Abstract
Joint work with S. R. McAllister.
The protein folding question has developed over the past four decades as one of the most challenging and potentially rewarding problems in computational biology. Three general classes of algorithms have emerged, based on the techniques of comparative
modeling, fold recognition, and first principles methods. For a detailed summary of protein structure prediction methods, the reader
is directed to two recent reviews [1,2]. Within the field of protein structure prediction, the packing of alpha-helices has been one of the more difficult problems. The use of distance constraints and topology predictions can be highly useful for reducing the conformational space that must be searched by deterministic algorithms to find a protein structure of minimum conformational energy.
We present a novel first principles framework to predict the structure of alpha-helical proteins. Given the location of the alpha-helical regions, a mixed-integer linear optimization model maximizes the interhelical residue contact probabilities to generate distance restraints
between alpha-helices [3]. Two levels of this formulation allow the prediction of both ``primary'' contacts between a helical pair
as well as the prediction of ``wheel'' contacts, one helical turn beyond the primary contacts. These predictions are subject to a
number of mathematical constraints to disallow sets of contacts that cannot be achieved by a folded protein. The interhelical contact prediction for alpha-helical proteins was evaluated on 26 proteins, where it identified an average contact distance below 11.0 Angstroms for the entire set.
A related optimization-based approach is proposed for the prediction of alpha-helical contacts in mixed alpha/beta proteins [4]. This contact prediction is based on the maximization of the number and hydrophobicity of hydrophobic interactions. The allowable sets of contacts is restricted based on knowledge or prediction of the beta-sheet topology and a number of distance geometry rules and constraints. The interhelical contact prediction for alpha/beta proteins was evaluated on 12 test proteins, where it identified an average contact distance below 11.0 Angstroms for 11 of these proteins.
The distance restraints from the interhelical contacts are then used to restrict the feasible space of the protein during the prediction of the tertiary structure using a hybrid optimization algorithm [5,6]. This tertiary structure prediction approach combines torsion angle dynamics and rotamer optimization with a deterministic global optimization technique (alphaBB) and a stochastic optimization technique
(conformational space annealing) to minimize a detailed atomistic-level energy function. The tertiary structure prediction results are promising and are highlighted by the exciting, near-native blind prediction of a de novo designed 4-helix bundle protein.
[1] Floudas CA, Fung HK, McAllister SR, Monningmann M, and Rajgaria R. Advances in Protein Structure Prediction and De Novo Protein Design: A Review. Chem Eng Sci. 2006;61: 966-988.

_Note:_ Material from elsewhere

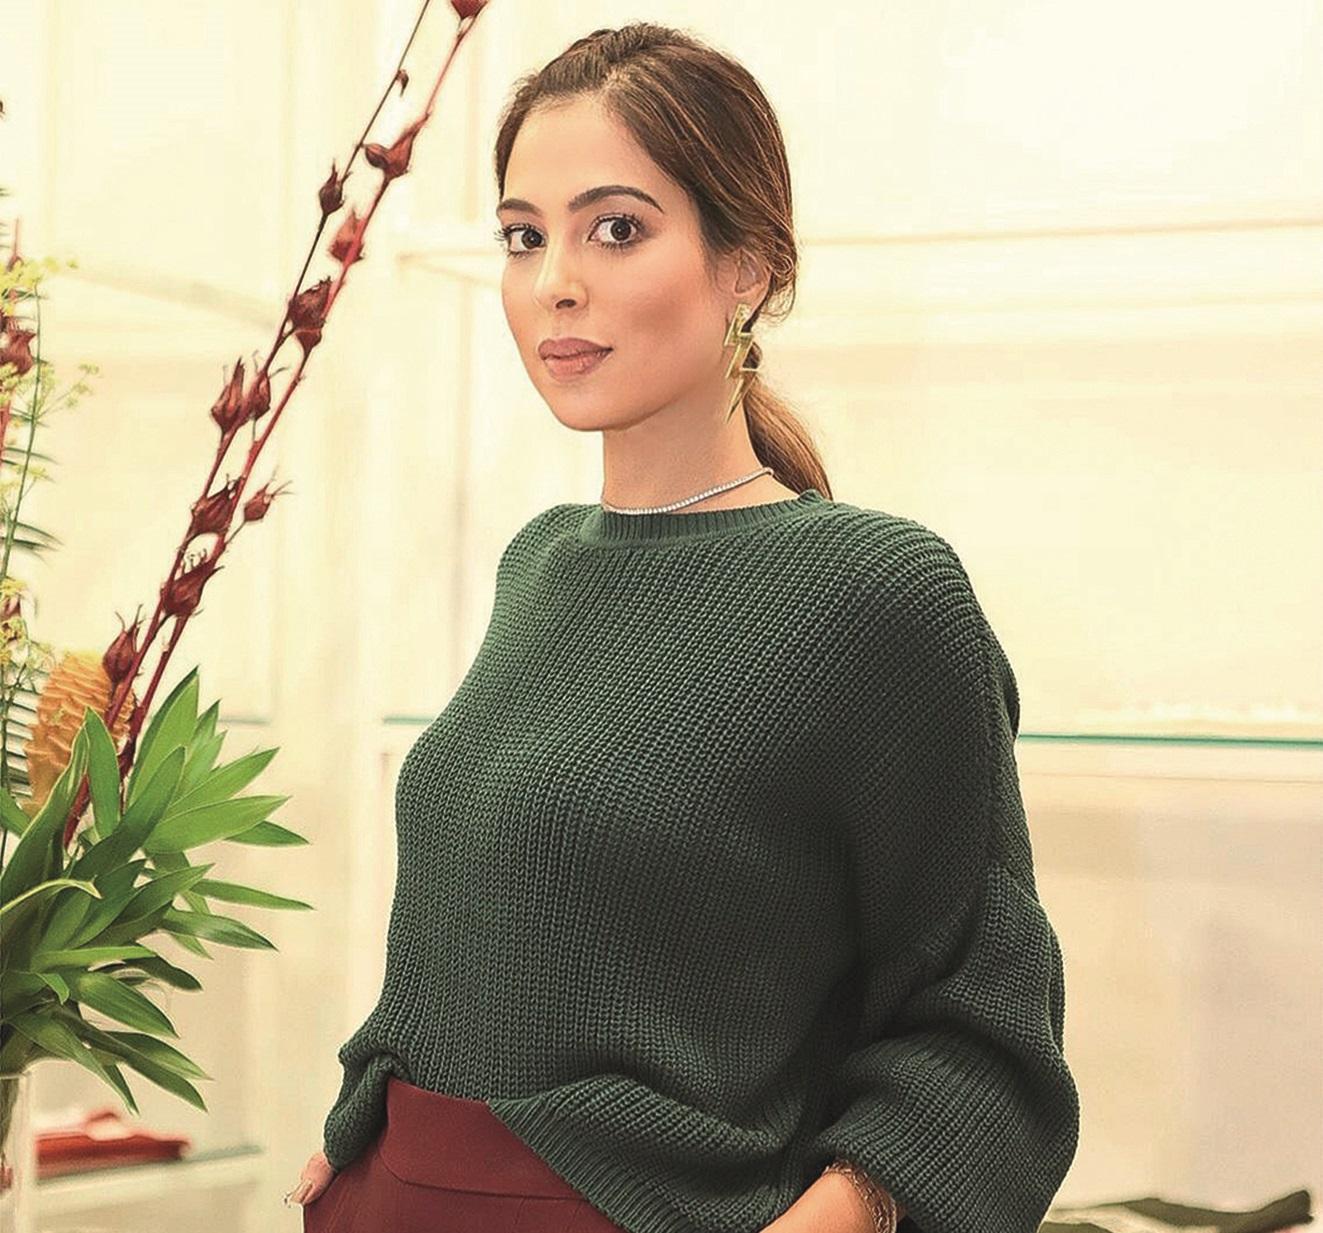 Renata Rangel - Advogada, digital influencer e apaixonada por moda

[2] Floudas CA. Computational Methods in Protein Structure Prediction. Biotechnol Bioeng. 2007;97:207-213.
[3] McAllister SR, Mickus BE, Klepeis JL, and Floudas CA. A Novel Approach for Alpha-Helical Topology Prediction in Globular
Proteins: Generation of Interhelical Restraints. Prot Struct Funct Bioinf. 2006;65:930-952.

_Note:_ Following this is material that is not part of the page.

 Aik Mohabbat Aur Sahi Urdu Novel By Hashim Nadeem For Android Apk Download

[4] McAllister SR and Floudas CA. Alpha-helical Residue Contact Prediction in Mixed Alpha/Beta Proteins Using Mixed-Integer Linear Programming. In preparation, 2007.
[5] Klepeis JL and Floudas CA. ASTRO-FOLD: A Combinatorial and Global Optimization Framework for Ab Initio Prediction of
Three-dimensional Structures of Proteins from the Amino Acid Sequence. Biophys J, 2003;85:2119-2146.
[6] McAllister SR and Floudas CA. An Improved Hybrid Global Optimization Method for Protein Tertiary Structure Prediction. In preparation, 2007.